Daimler Chief: Hike Fuel Tax, Repeal Excise Levy

By Howard S. Abramson, Editorial Director

This story appears in the Oct. 28 print edition of Transport Topics.

ORLANDO, Fla. — The new head of Daimler Trucks waded right into the U.S. political scene during his inaugural U.S. press conference last week, urging Washington officials to find a way to work together in order to bolster the nation’s economy, and the world’s.

Wolfgang Bernhard also recommended a closer working relationship between European and U.S. legislators and regulators to counter growing competition in their home markets from Asia, urged the repeal of the 12% U.S. federal excise tax on new heavy-duty trucks and an increase in U.S. fuel taxes.

Bernhard, who took over as head of the world’s largest commercial vehicles maker April 1, said that the “continuous state of uncertainty” that has gripped Washington for months over the nation’s budget and debt ceiling is “not only hurting the U.S., it’s hurting the world.”



Bernhard said Congress should repeal the federal excise tax in order to encourage truck fleets to replace older, less-efficient and dirtier-running vehicles.
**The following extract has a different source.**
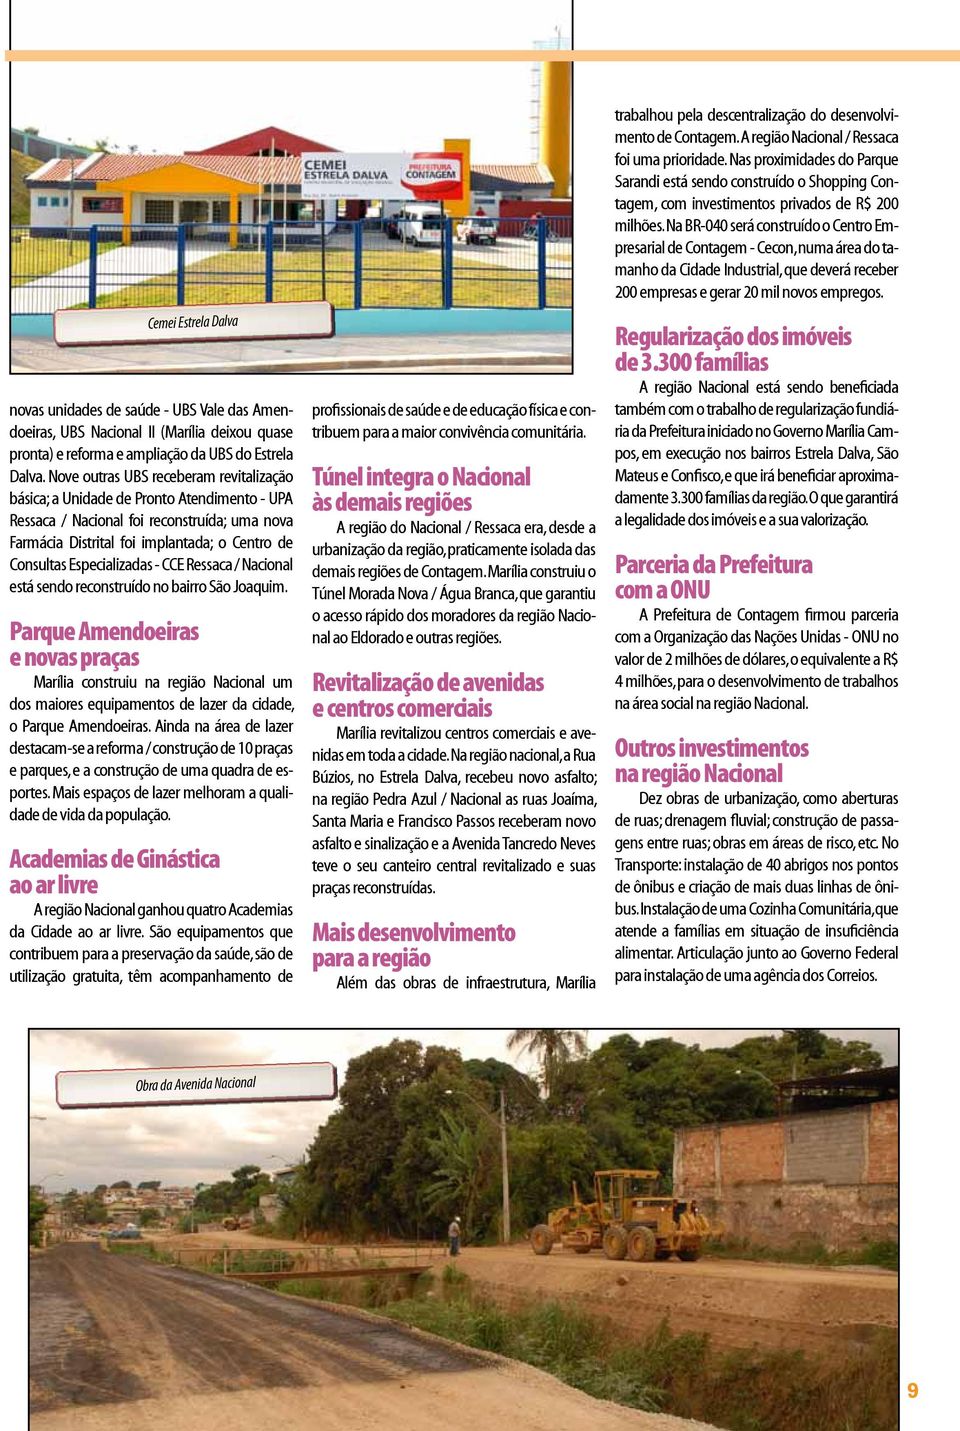 Especializadas - CCE Ressaca / Nacional está sendo reconstruído no bairro São Joaquim.

He said boosting federal fuel taxes would help replace the revenue lost by ending the sales tax and further encourage companies that run older trucks to replace them with more efficient ones.

He said U.S. environmental regulators already are looking “for the next big thing” to impose on truck makers and urged the government instead to get behind the campaign to replace older vehicles, which he said would produce better environmental results faster and more cheaply.

Bernhard said 60% of the U.S. fleet is composed of trucks that were made before 2004 and that the largest segment of that group is trucks that were built before 1998. The average age of the entire fleet is 11 years, he added.

Replacing the oldest trucks with new ones would cut particulate emissions by more than 90%, he said, and NOx emissions by 60%.

The trucks would lower emissions, improve fuel economy and produce many new domestic jobs, he said.

He noted the global business market “would welcome” progress on the U.S. political front toward a bipartisan solution.

“It’s in all our interests that Washington find a way to provide a stable economic climate,” Bernhard said.

He said his company also was supporting the end of the excise tax and the boost in the fuel tax in part because both are goals of the nation’s trucking companies, as championed by American Trucking Associations.

Meanwhile, he said, the ongoing bilateral talks over the Transatlantic Trade and Investment Partnership that are designed to remove trade barriers between the United States and European Union represented a perfect opportunity for both.

“We have to close ranks” to counter growing Asian competition, he said, quoting Ben Franklin’s comments on signing the Declaration of Independence: “We must all hang together, or assuredly we shall all hang separately.”

He said the TTIP talks could yield great savings for manufacturers, and eventually to their customers, by standardizing U.S. safety and environmental regulations.

Bernhard said the “minor differences” between those standards add in great cost to truck manufacturers, with little gain in safety or emissions controls.

Bernhard’s remarks are a departure for Daimler. His predecessor at the Germany-based company, Andreas Renschler, steered clear of discussing U.S. politics.

Daimler has large holdings in the United States, and Bernhard reminded reporters that it has invested $750 million in recent years in upgrading its Detroit engine plant in Redford, Mich., and recently announced a major expansion to its truck assembly plant and headquarters in Portland, Ore.

He also urged U.S. regulators to adopt a “full vehicle standard,” as they proceed on ways to curb greenhouse-gas emissions.

“We don’t think it’s helpful” to separate the engine from the entire truck when looking at GHG emissions.

Up to now, many of the gains in GHG have come as a result of improved aerodynamic designs of tractors and trailers, along with increases in fuel economy through engine enhancements.

After Bernhard spoke, Martin Daum, who runs Daimler’s truck operations in North America, lowered his prediction for total heavy-duty sales in the United States this year, saying they likely would end up 4% below 2012’s total, and 5% below in the entire North American region.

Daum said he forecast that 2014 would end up somewhere between “flat and plus 10%.”

This year, he said, Class 8 sales in the United States were down 10% to 11% for Daimler, while Classes 6-7 sales were up 11% through September.

Bernhard told reporters that Daimler has received 20,000 orders for the Freightliner Cascadia Evolution, its new model that the company says is the most fuel-efficient heavy-duty truck in North America.

Daum said that coming models of the Evolution would get even higher mileage, and he predicted that sales of automated manual transmissions “will explode next year.”

Truck makers have only recently begun pushing AMTs in North America.